**Aim of the task:** Would you please retype, exactly, the lines of the listing below between the line with "Rénovation salle de bain AVANT" and the line with "Avis Logo - File:Avis", inclusive?

**Available records:**
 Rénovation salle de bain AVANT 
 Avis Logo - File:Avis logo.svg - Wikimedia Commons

--

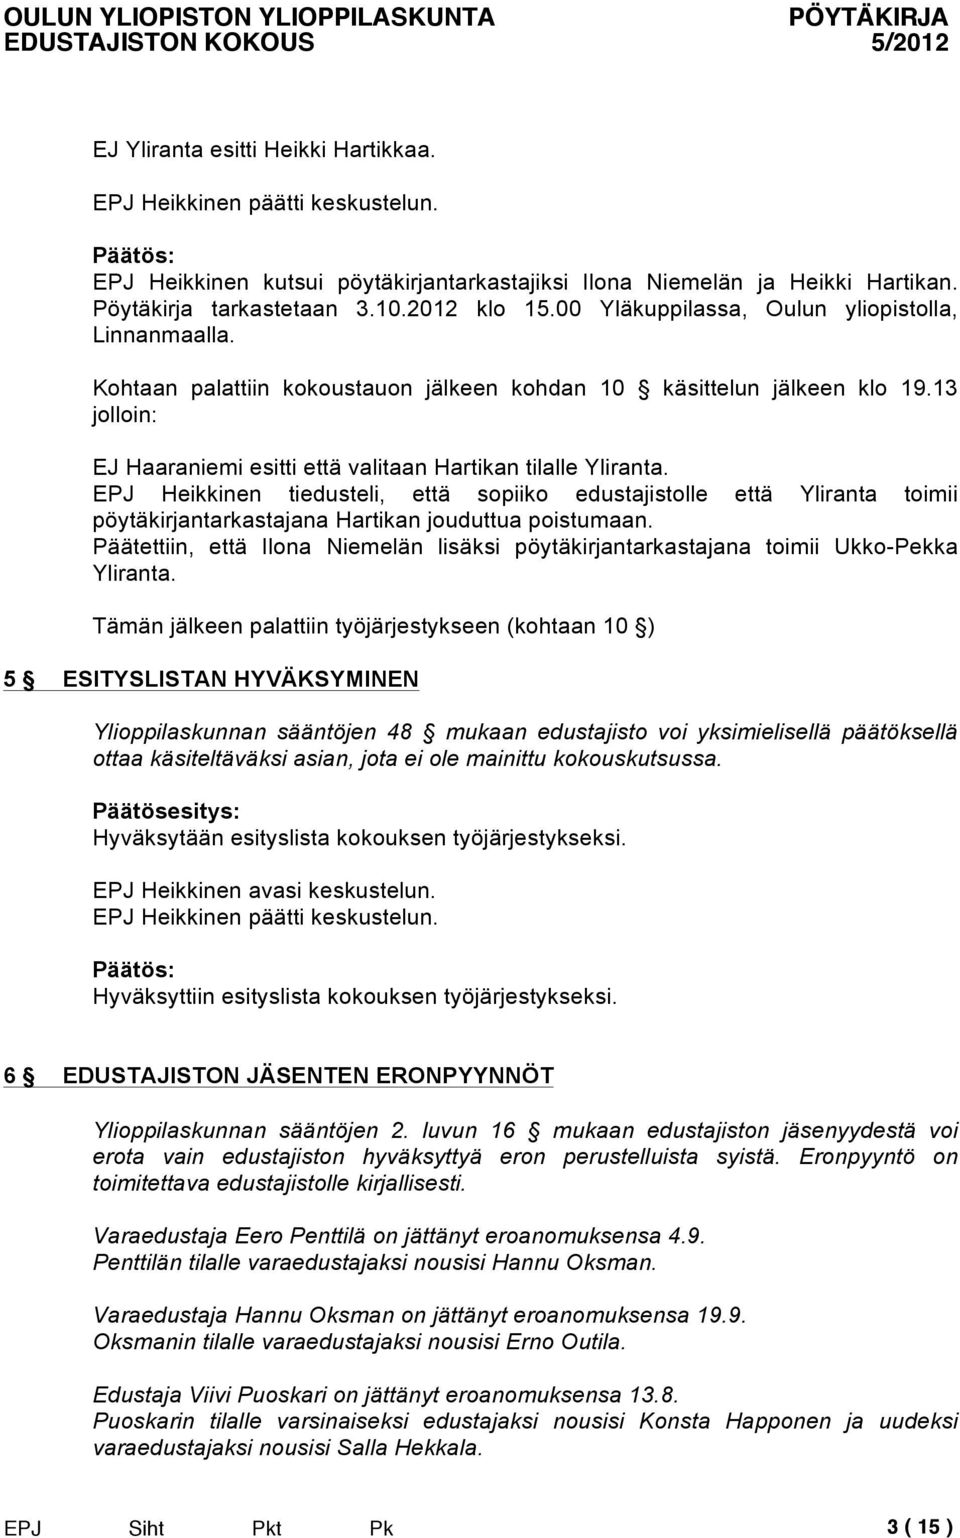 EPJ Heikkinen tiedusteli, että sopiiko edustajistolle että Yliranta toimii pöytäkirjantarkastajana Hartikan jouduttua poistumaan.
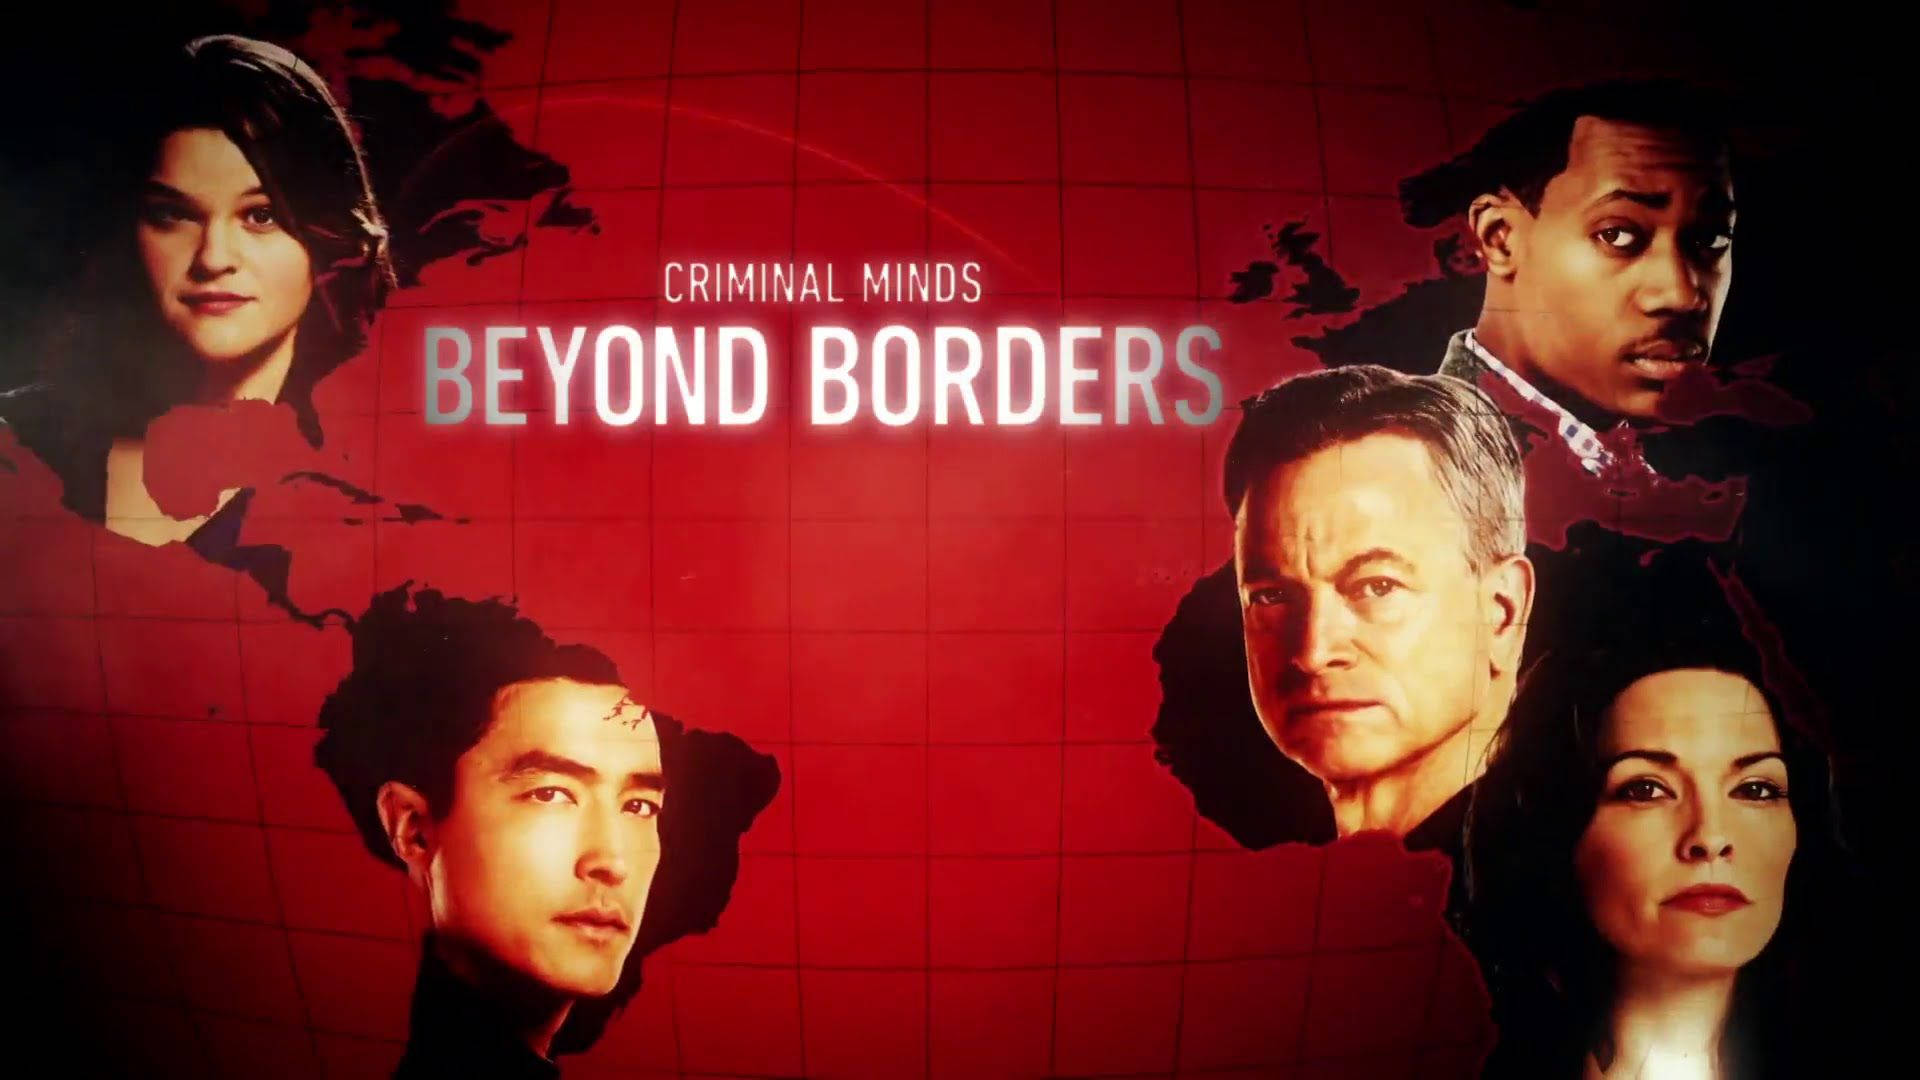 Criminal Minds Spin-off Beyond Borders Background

**Exercise output:**
 Rénovation salle de bain AVANT 
 Avis Logo - File:Avis logo.svg - Wikimedia Commons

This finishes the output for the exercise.